Targeted metabolomic profiles of serum amino acids and acylcarnitines related to gastric cancer

Abstract

Background: Early diagnosis and treatment are imperative for improving survival in gastric cancer (GC). This work aimed to assess the ability of human serum amino acid and acylcarnitine profiles in distinguishing GC cases from atrophic gastritis (AG) and control superficial gastritis (SG) patients.

Methods: Sixty-nine GC, seventy-four AG and seventy-two SG control patients treated from May 2018 to May 2019 in Gansu Provincial Hospitalwere included. The levels of 42 serum metabolites in the GC, AG and SG groups were detected by liquid chromatography-tandem mass spectrometry (LC-MS/MS). Then, orthogonal partial least squares discriminant analysis (OPLS-DA) and the Kruskal-Wallis H test were used to identify a metabolomic signature among the three groups. Metabolites with highest significance were examined for further validation. Receiver operating characteristic (ROC) curve analysis was carried out for evaluating diagnostic utility.

Results: The metabolomic analysis found adipylcarnitine (C6DC), 3-hydroxy-hexadecanoylcarnitine (C16OH), hexanoylcarnitine (C6), free carnitine (C0) and arginine (ARG) were differentially expressed (all VIP >1) and could distinguish GC patients from AG and SG cases. In comparison with the AG and SG groups, GC cases had significantly higher C6DC, C16OH, C6, C0 and ARG amounts. Jointly quantitating these five metabolites had specificity and sensitivity in GC diagnosis of 98.55% and 99.32%, respectively, with an area under the ROC curve (AUC) of 0.9977.

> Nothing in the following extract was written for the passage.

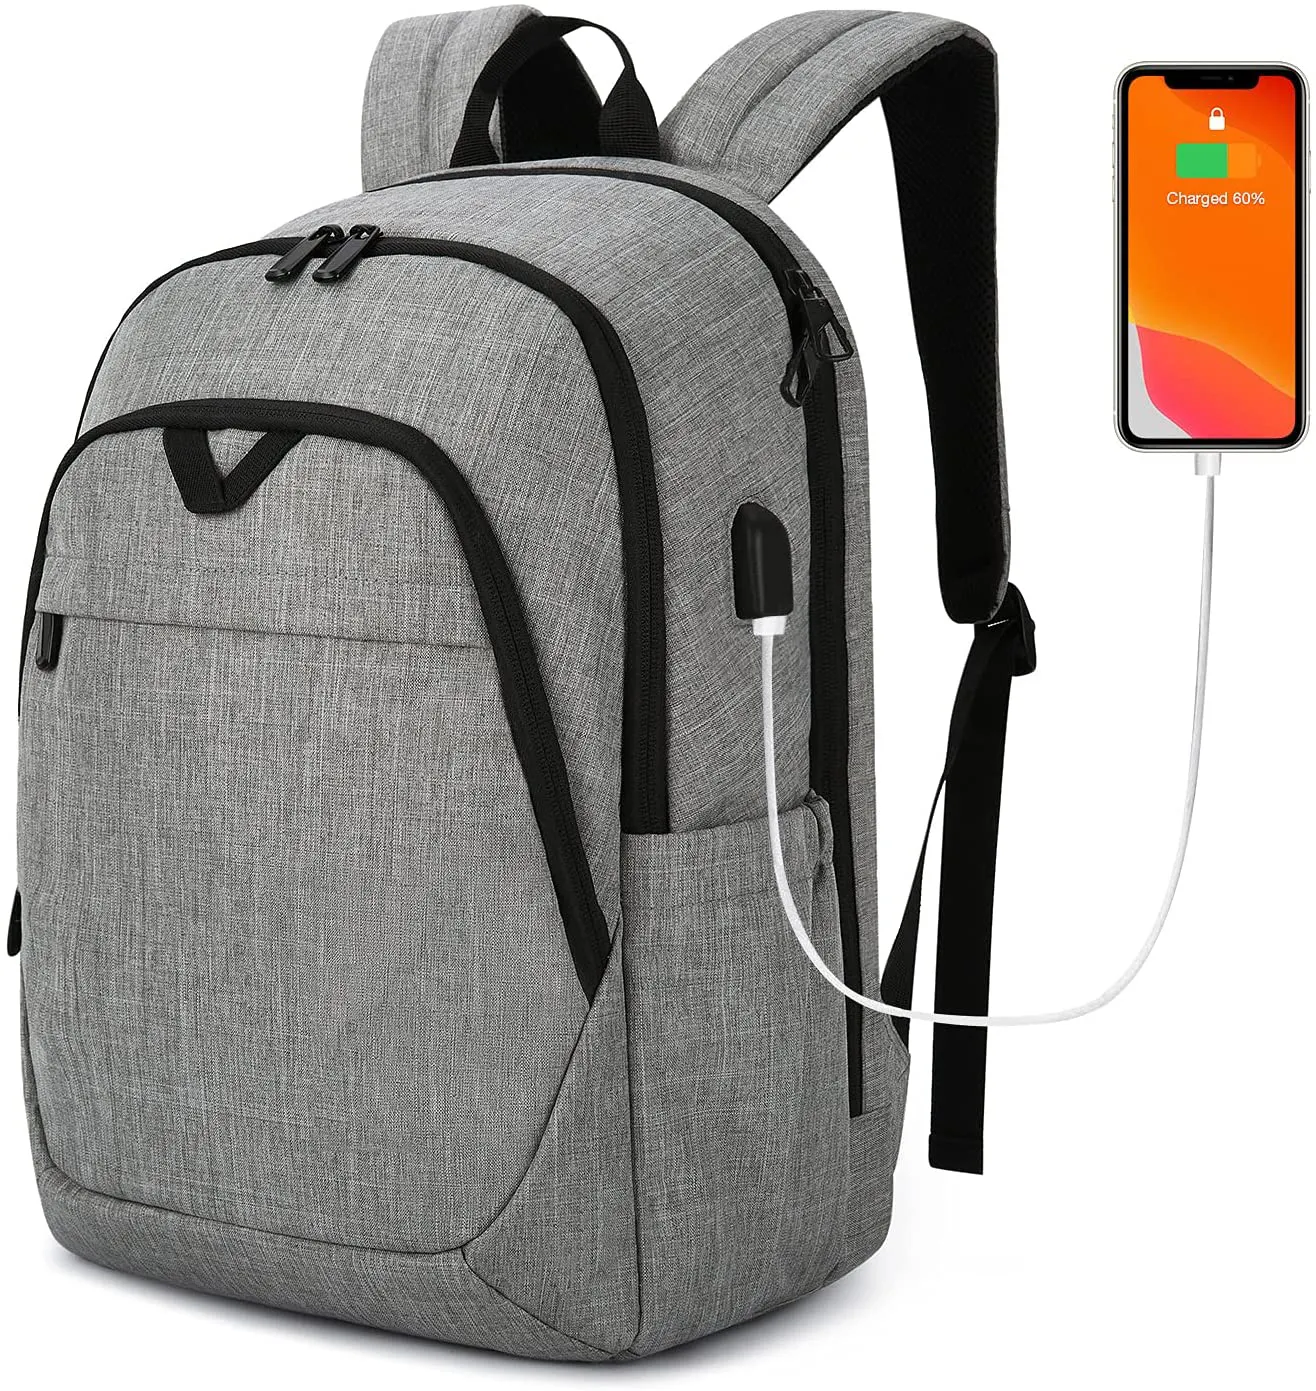 Rucksäcke für Männer College-Rucksack 15.6 Laptop Travel Rucksack mit USB-Ladeans chluss Computer tasche

Conclusion: This study indicates C6DC, C16OH, C6, C0 and ARG could effectively differentiate GC cases from AG and SG patients, and may jointly serve as a valuable circulating multi-marker panel for GC detection.

Keywords: Acylcarnitines; Amino acids; Atrophic Gastritis; Gastric cancer; Metabolomics; Superficial gastritis.

Figure 1. An orthogonal partial least square discriminant analysis (OPLS-DA) model.

(A) GC cases tended to cluster to the right, while the AG and SG groups clustered to the left. The OPLS-DA model revealed fairly separated GC from AG and SG. There was no separation between AG and SG. (B) Score plots for AG and SG cases. The model was unable to distinguish AG and SG. (C) and (E) OPLS-DA achieved a fairly distinct separation between GC and AG and between GC and SG. (D) and (F) The 200-time permutation test revealed no overt model over fitting. The y-axis intercepts were R2 (0.0, 0.136; 0.0, 0.127) and Q2 (0.0, −0.327; 0.0, −0.284).

Figure 2. VIP plot for the OPLS-DA model in preselecting variables.

(A) GC group versus AG group, *VIP >1. (B) GC group versus SG group, *VIP >1.

Figure 3. Box plots for select metabolites (Median (interquartile range)) differentiating GC, AG and SG.

* P < 0.05, ** p < 0.001, and *** p < 0.0001.